Eighth qualifying session

Predictably, my mum was desperate to share in the Middle Temple dining experience and there was another private guest night, so I bought a couple of tickets and spent the days before the dinner dreading all the terribly embarrassing possibilities. Walking the half-hour journey from King's Cross station where I picked up my Mum to the Temple, I gave her a pretty stern briefing on what not to do, which she seemed to take on board. And everything went pretty smoothly until a barrister started to chat her up and she decided to do one of the things she'd expressly agreed not do: try to get me a pupillage. No surprises when having emailed my CV to this guy the next day as instructed, I got an embarrassed reply that I'd have to go through the standard application procedure.

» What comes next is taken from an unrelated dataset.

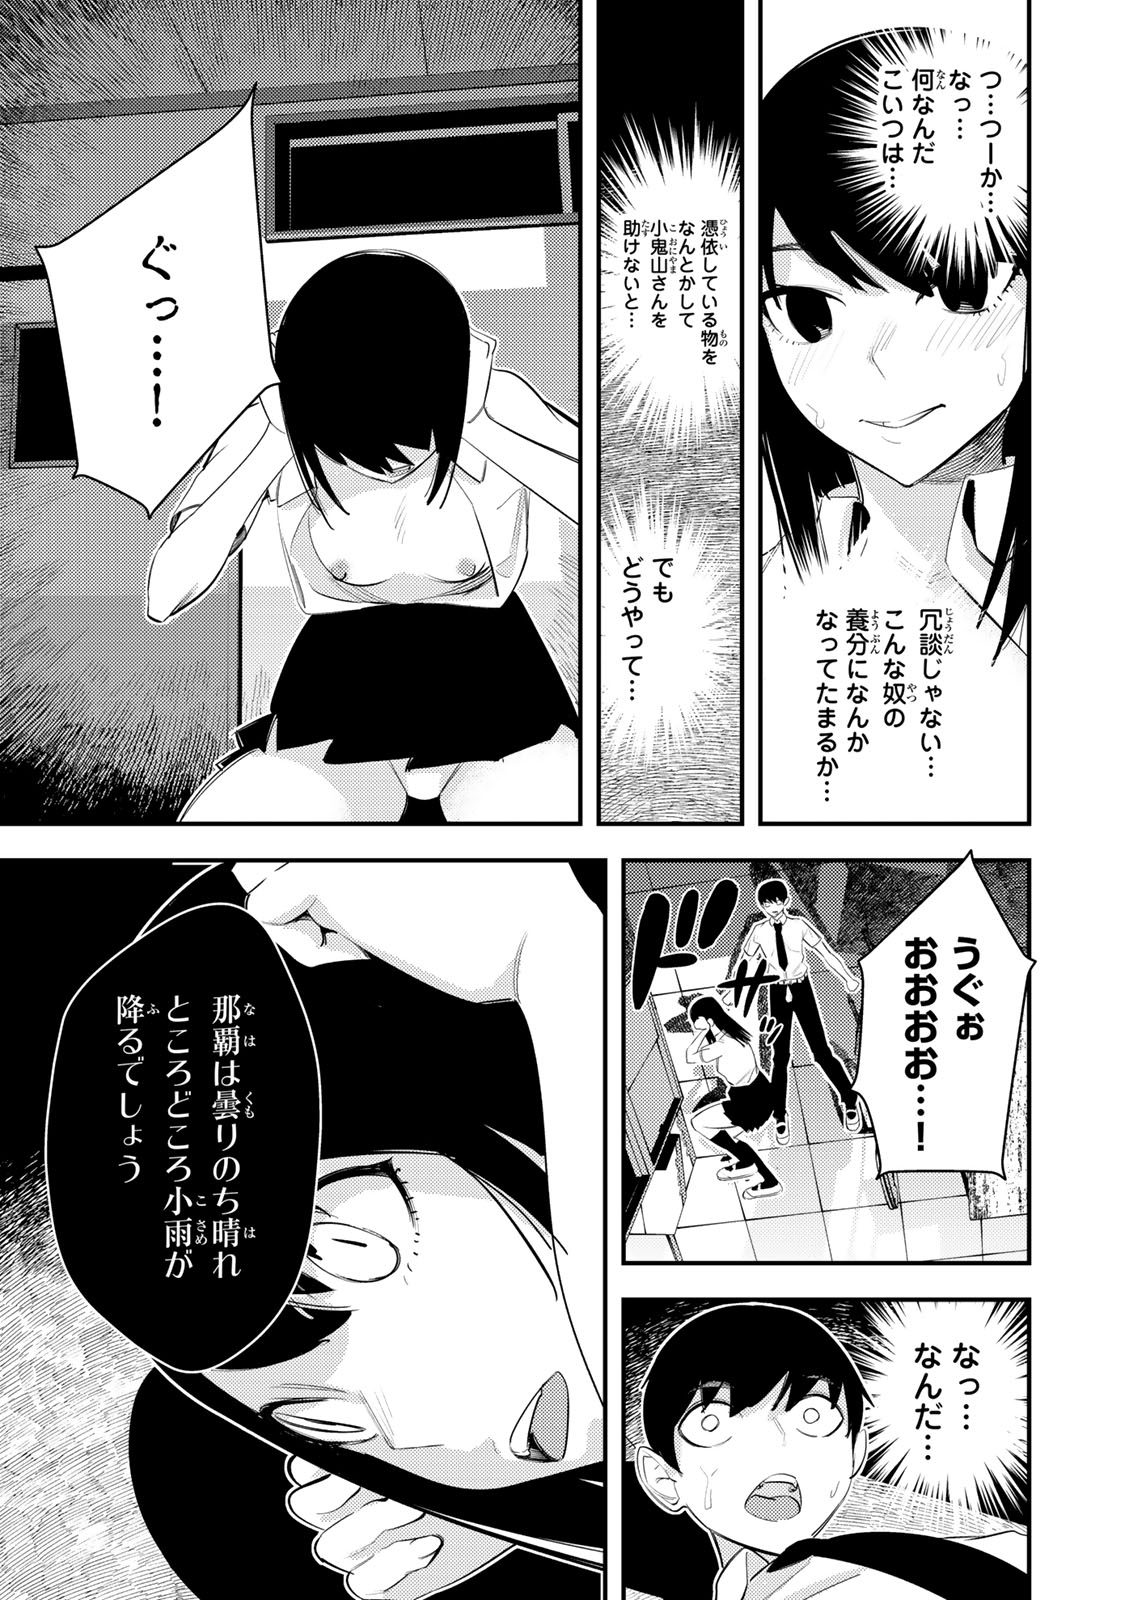 Seima Toubatsu Deneidan - Chapter 1 - Page 22

Ninth & Tenth qualifying sessions

These came at a stage when I was feeling pretty disillusioned with the BVC. The early excitement of advocacy sessions had been replaced with frustration with my tutors for constantly pulling me up for not following various mystifying evidential rules, while I had a particularly tedious and surprisingly difficult legal research assessment on European competition law hanging over me. At the same time money was tight and preventing me from going out with friends on the career ladder not accustomed to scrimping over the price of a pint. So it wasn't with much enthusiasm that I trudged down Chancery Lane from Inns of Court School of Law to the Temple. As usual, I bumped into a few people I vaguely knew from the course/previous dinners, and as we chatted and ate it became apparent that some of them were also struggling a bit. This had been easy to forget in the strangely anonymous atmosphere of the library and in even tutorials, where people flit in for an hour and a half, then quickly disappear into their own little London worlds. It was really very helpful to find this out.

Eleventh qualifying session

Another lecture, and I'm sorry Guy Mansfield QC, but another quick hand in of ticket and crafty escape.

Twelfth qualifying session

Call day: I'd made it! I got my BVC results through and to my relief I had no resits. So all that remained was to be called to the Bar (and eat the buffet after the ceremony, which technically counts as the qualifying session). Being called to the Bar is similar to graduating from university - apart from the fact that at Middle Temple all the callees have to wear barrister wigs. Eventually, my name was read out and I appeared from the sea of wigs to be 'called to the Utter Bar' by the masonically-named master treasurer. And I'm a convert. Although it's undeniable that the BVC providers are now the main players, my Middle Temple dinners certainly enriched my BVC experience, an excellent counter-balance to the frequently one-dimensional drabness of the course. And I'd definitely rather eat a dinner than sit an exam.